Taiwanese host and actress

Heaven Hai Yu-fen (海裕芬; born May 19, 1977), also known as Hai Fen, is a Taiwanese host, actress, entrepreneur and television producer. She had her debut as a host for TVBS-G, on Entertainment News, and has appeared in several television series and films since 2009. In 2016, she was nominated for the Golden Bell Award for Best Newcomer in a Television Series for War Family.

== Personal life ==
In 2021, Hai developed "Lu Lu Gu Lu" (嚕嚕姑滷), a line of braised food products, and created the concept art for the product line.

In November 2022, Hai gave birth to a daughter, nicknamed "Nian Nian" (念念).

== Filmography ==

=== Television series ===

| Year | English title | Original title | Role | Notes |
|---|---|---|---|---|
| 2009 | ToGetHer | 愛就宅一起 | Project team member |  |
| 2011 | Sunny Happiness | 幸福最晴天 | Supervisor |  |
| 2013 | The Pursuit of Happiness | 愛的生存之道 | Ji An-li |  |
| 2014 | You Light Up My Star | 你照亮我星球 | Screenwriter |  |
| 2014 | Life Story - Article 274 in Criminal Law | 公視人生劇展─刑法第274條 | Zhuang Chen-ru |  |
| 2015 | Marry Me, or Not? | 必娶女人 | Assistant manager |  |
| 2016 | War Family | 我家是戰國 | Zeng Xiao-yan |  |
| 2016 | Oba | 我們是歐爸 | Qiu Bing-xin | Webseries |
| 2016 | Life Plan A and B | 荼蘼 | Real estate agent | Episode 3 |
| 2016 | Unknown Lovers - Mommy's Boy Lover | X情人－媽寶情人 | Emily | Webseries |
| 2017 | Ms.

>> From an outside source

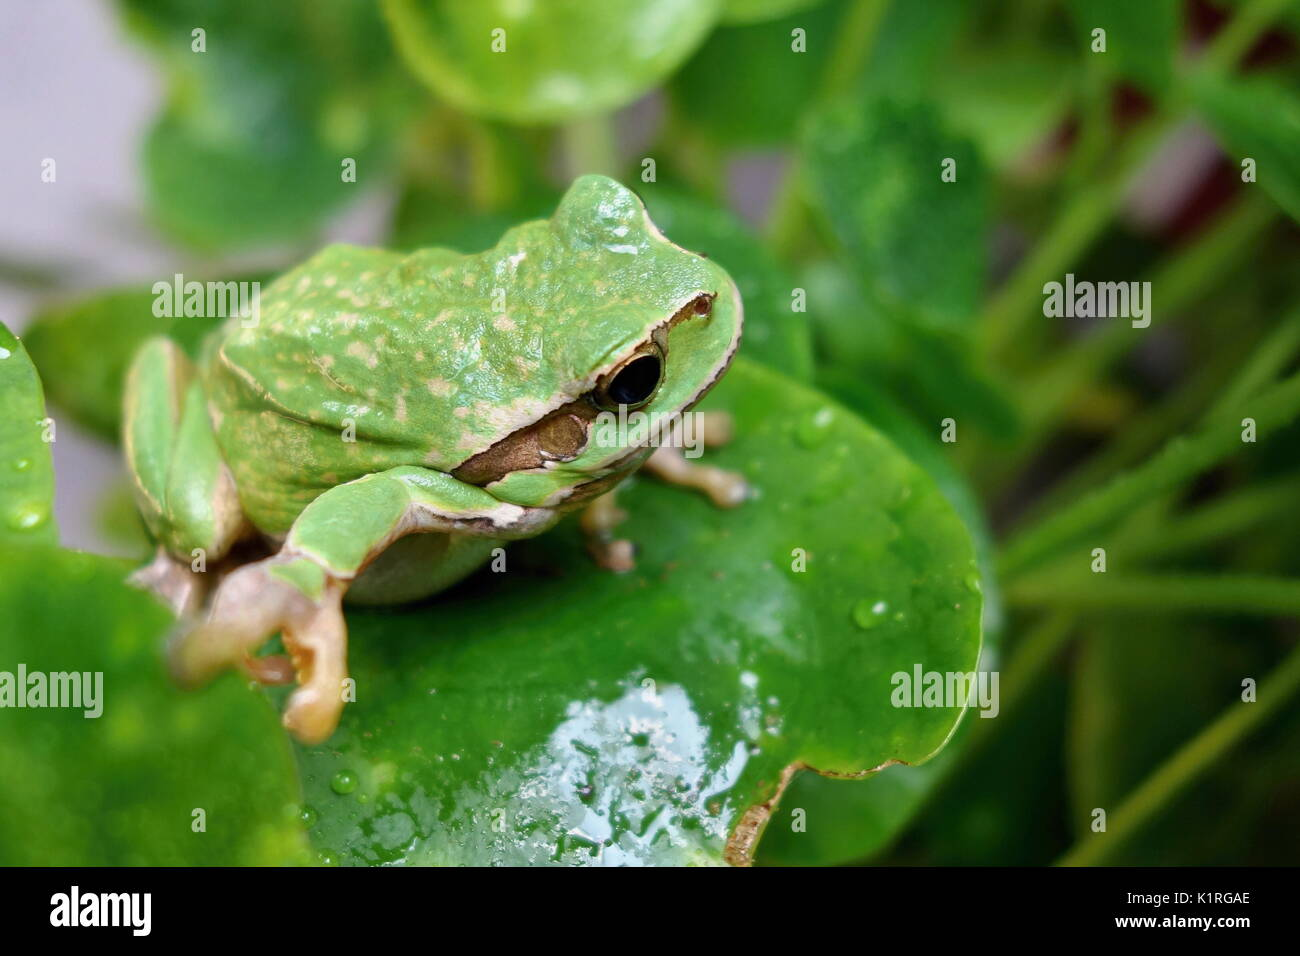 Schöne grüne Amphibienarten Laubfrosch, Hyla arborea, sitzen auf Gras Lebensraum. Stockbild

GoodLone | 咕咾小姐 | Shao Jia-fen | Webseries |
| 2017 | A Boy Named Flora A | 植劇場－花甲男孩轉大人 | Zheng Guang-hao |  |
| 2017 | Days We Stared at the Sun II | 他們在畢業的前一天爆炸2 | Guan | Special appearance |
| 2017 | Midnight Diner | 深夜食堂 | Host |  |
| 2017 | Newbie Office | 菜鳥職劇場 | Teresa | Webseries |
| 2017 | My Dear Boy | 我的男孩 | Wei-wei |  |
| 2018 | Tree in the River | 動物系戀人啊 | Sha-sha |  |
| 2018 | Between | 三明治女孩的逆襲 | Jiang Mei-yun |  |
| 2018 | The Ex-Man | 前男友不是人 | Chen Da-fa | Also as co-writer |
| 2018 | My Bromance | 我的鮮肉弟弟 | Kary | Webseries |
| 2018 | Rock Soulmate | 搖滾畢業生 | Xian-gu | Webseries |
| 2018 | Utopia for the 20s | 20之後 | Li Wan-hui | Webseries |
| 2019 | Without Her, Even Hero is Zero | 我是顧家男 | Grace |  |
| 2019 | All is Well | 你那邊怎樣·我這邊OK | Mei |  |
| 2019 | The Teenage Psychic 2 | 通靈少女2 | Li Yi-fen |  |
| 2020 | Adventure of the Ring | 戒指流浪記 | Journalist |  |
| 2020 | The Wonder Woman | 跟鯊魚接吻 | May |  |
| 2020 | Futmalls | 預支未來 | Chief editor |  |
| 2020 | Radio! Ready Oh! | 陽光電台不打烊 | Qi |  |
| 2021 | Sometimes When We Touch | 超感應學園 | Cai Ban-xian |  |
| 2021 | Light the Night | 華燈初上 | Ko Hsiu-chih |  |
| 2022 | Twisted Strings | 良辰吉時 | Zhi-ping's wife |  |
| 2022 | Mad Doctor | 村裡來了個暴走女外科 | Hong |  |
| 2022 | Women in Taipei | 台北女子圖鑑 | TKLab team leader |  |

=== Film ===

| Year | English title | Original title | Role | Notes |
|---|---|---|---|---|
| 2018 | Back to the Good Times | 花甲大人轉男孩 | Zheng Guang-hao |  |
| 2018 | More than Blue | 比悲傷更悲傷的故事 | Maggie |  |
| 2019 | Big Three Dragons | 大三元 | Sheng Yu-zhu |  |
| 2019 | Fabulous 40 | 一起衝線 | Xu Ruo-qing |  |
| 2019 | The 9th Precinct | 第九分局 | Madam Chen |  |
| 2019 | The Last Thieves | 聖人大盜 | Show host |  |
| 2019 | Stand by Me | 陪你很久很久 |  |  |
| 2020 | Girl’s Revenge | 哈囉少女 | School counselor | Special appearance |
| 2020 | My Missing Valentine | 消失的情人節 | Scam victim | Special appearance |
| 2021 | I Missed You | 我沒有談的那場戀愛 | Interviewee |  |

=== Variety and reality show ===

| English title | Original title | Notes |
|---|---|---|
| Entertainment News | 娛樂新聞 | As host |
| Super Followers | 海芬的大明星小跟班 | As host and producer |

=== Music video appearances===

| Year | Artist | Song title |
|---|---|---|
| 2010 | Jay Chou | "Fade Away" |

==Theater==

| English title | Original title | Notes |
|---|---|---|
| Human Conditions 1 | 人間條件1 |  |
| Can Three Make It | 三人行不行 |  |

==Discography==
===EPs===

| Year | Title | Notes |
|---|---|---|
| 2017 | Miss Goodlone |  |

==Published works==
- Hai, Heaven (2017). "Miss Goodlone 咕咾小姐：破處難嗎？"
- Hai, Heaven (2020). "Wo Yi Ge Ren, E Le! 我一個人，餓了！"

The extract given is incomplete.